Building the Starbucks of healthcare in Egypt

A Dawi Clinics branch in Cairo.

A Dawi Clinics branch in Cairo.

Magda Habib has always been drawn to building new businesses. For the first 15 years of her career, she was part of the executive team that built Egyptian technology brand Raya Holdings. Then she co-founded Fawry, a leading e-payment platform in the country. Habib left Fawry in 2015 when a major stake of the business was sold to a consortium of international investors and has since moved her focus to outpatient care (any medical services offered where the patient does not have to be admitted to a hospital) with the founding of Dawi Clinics.

Healthcare is not my background, but … the idea of a Starbucks chain of clinics was what inspired me to get into this business,” Habib told participants in a webinar hosted by the Egyptian-American Enterprise Fund.

Habib and her two co-founders, Nader Eskandar and Mairose Doss, spotted a gap in Egypt to target the market segment wedged between the very wealthy niche group who can afford private local healthcare or who travel abroad to meet this need, and the majority of the population that relies on the public healthcare system.

She explained that Egypt is a populous nation with 100 million people where there is a large public healthcare service, providing “sub-optimal services to many” and then a fragmented private sector offering.

This fragmentation leaves a large part of the patient client base at a loss to which doctors to go to. The concept of a family clinic, for example, where the entire family’s medical history would be on file and up to date – and where a variety of outpatient care options is readily available at affordable prices – was simply not available in the country.

“That causes a lot of inconveniences as well as a lot of compromises on the health outcomes of the families,” says Habib.

The founders’ set a goal to establish a retail chain of clinics that was “standardised and scalable, where quality of services is driven by guidelines and the doctors are part of an organisation and a structured delivery mechanism”.

Thus, the comparison with Starbucks, where the global coffee brand has built its success on a standardised, consistent approach to products and services.

Raising funds

The three co-founders approached the market for funding right before the Egyptian pound devaluation in 2016.
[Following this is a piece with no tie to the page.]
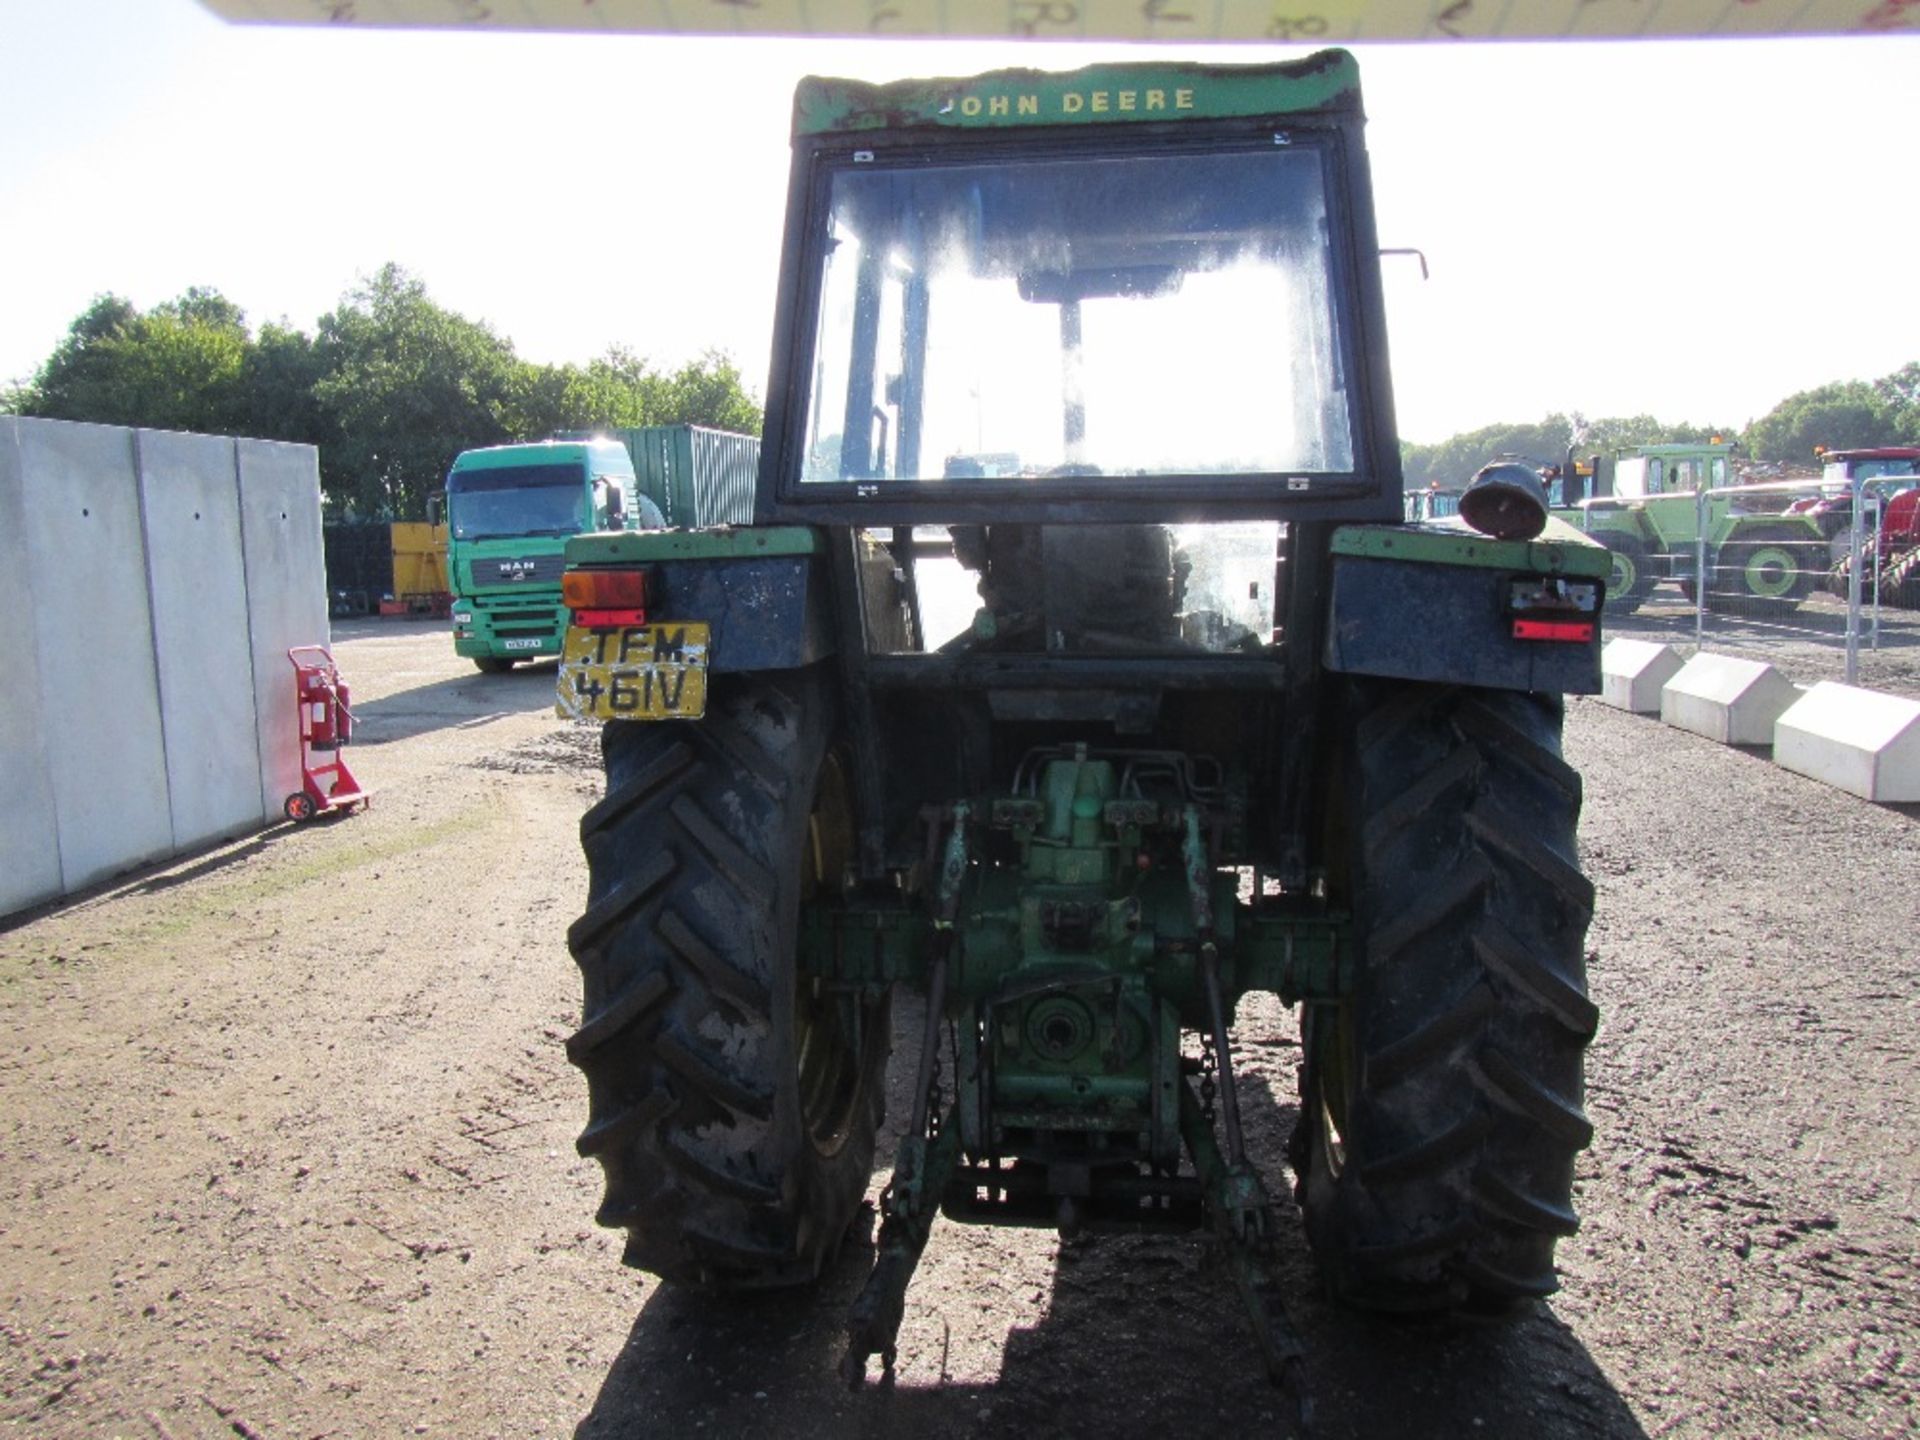 John Deere 3040 2wd Tractor with OPU Cab Reg. No. TFM 461V Ser No 364600 UNRESERVED LOT - Image 6 of 16

“It was a very difficult time to raise funds,” recalls Habib. “Fortunately, we tapped into some local liquidity trapped in that period in Egypt.” The company’s first funders were a group of high-net-worth individuals and, by 2018, it had opened four branches in Cairo.

“The traction was clear. People were appreciating the modern, clean and basic clinics that we had opened.”

Dawi Clinics currently has 12 outlets in Egypt.

Dawi Clinics provides holistic healthcare for the whole family. It offers comprehensive medical services and has doctors in all major medical specialities, including internal medicine, paediatrics and dentistry. Pathology labs also form part of the offering.

“We have everything an Egyptian family would need in terms of outpatient medical care on a day-to-day basis.”

Telemedicine and expansion

Dawi is currently integrating a telemedicine offering into its services. “Telemedicine has been a buzzword since the Covid crisis started,” notes Habib. She says it is too simplistic to understand this only as a doctor-patient interaction over a live chat application or interface; it should be integrated into a comprehensive network for healthcare delivery as an additional component and not as a replacement for face-to-face contact and consultation.

“Physician-patient interaction cannot be entirely consummated over remote chat.” Telehealth tools are also valuable, she adds, for physicians to use when they want to consult with their peers on a specific case.

Dawi is constantly being approached by health-tech startups. “Like any startup scene, some of them will succeed, some will not succeed. The market will clear itself out within the next couple of years.”

She does see potential in the different layers of technology that can assist physicians to provide better healthcare. Firstly, the applications required to capture medical data should be in place to get the data digitised. Secondly, is the layer where physicians can access decision-support tools when analysing the data. “The intelligent tools built into your day-to-day workflow will help the physicians tremendously,” says Habib. Thirdly, there is the aspect of patient empowerment, where the data is accessible to patients and they feel part of the decision-making process where it concerns their health.

“It is a layered approach. You have to have the data, then the physician access tools that are intelligent enough and then the patient engagement tools. And on top of all that, you can have a telemedicine layer,” explains Habib.

Currently, the company has grown its reach to 12 clinics. These are spread across Cairo, as well as the cities of Tanta and Mansoura.

Going back to the Starbucks comparison, she explained that Dawi prefers to expand its network in terms of a cluster approach. “We like to have a few clinics that are geographically close to each other so that we can manage them from an administrative and supervisory level as a cluster. Our target is definitely to reach all urban centres around Egypt. We have started with the East Delta, then West Delta, and yes, definitely Upper Egypt and Canal Zone as well.”

In the next two to three years, says Habib, Dawi Clinics is aiming to bump up its number of clinics to 50.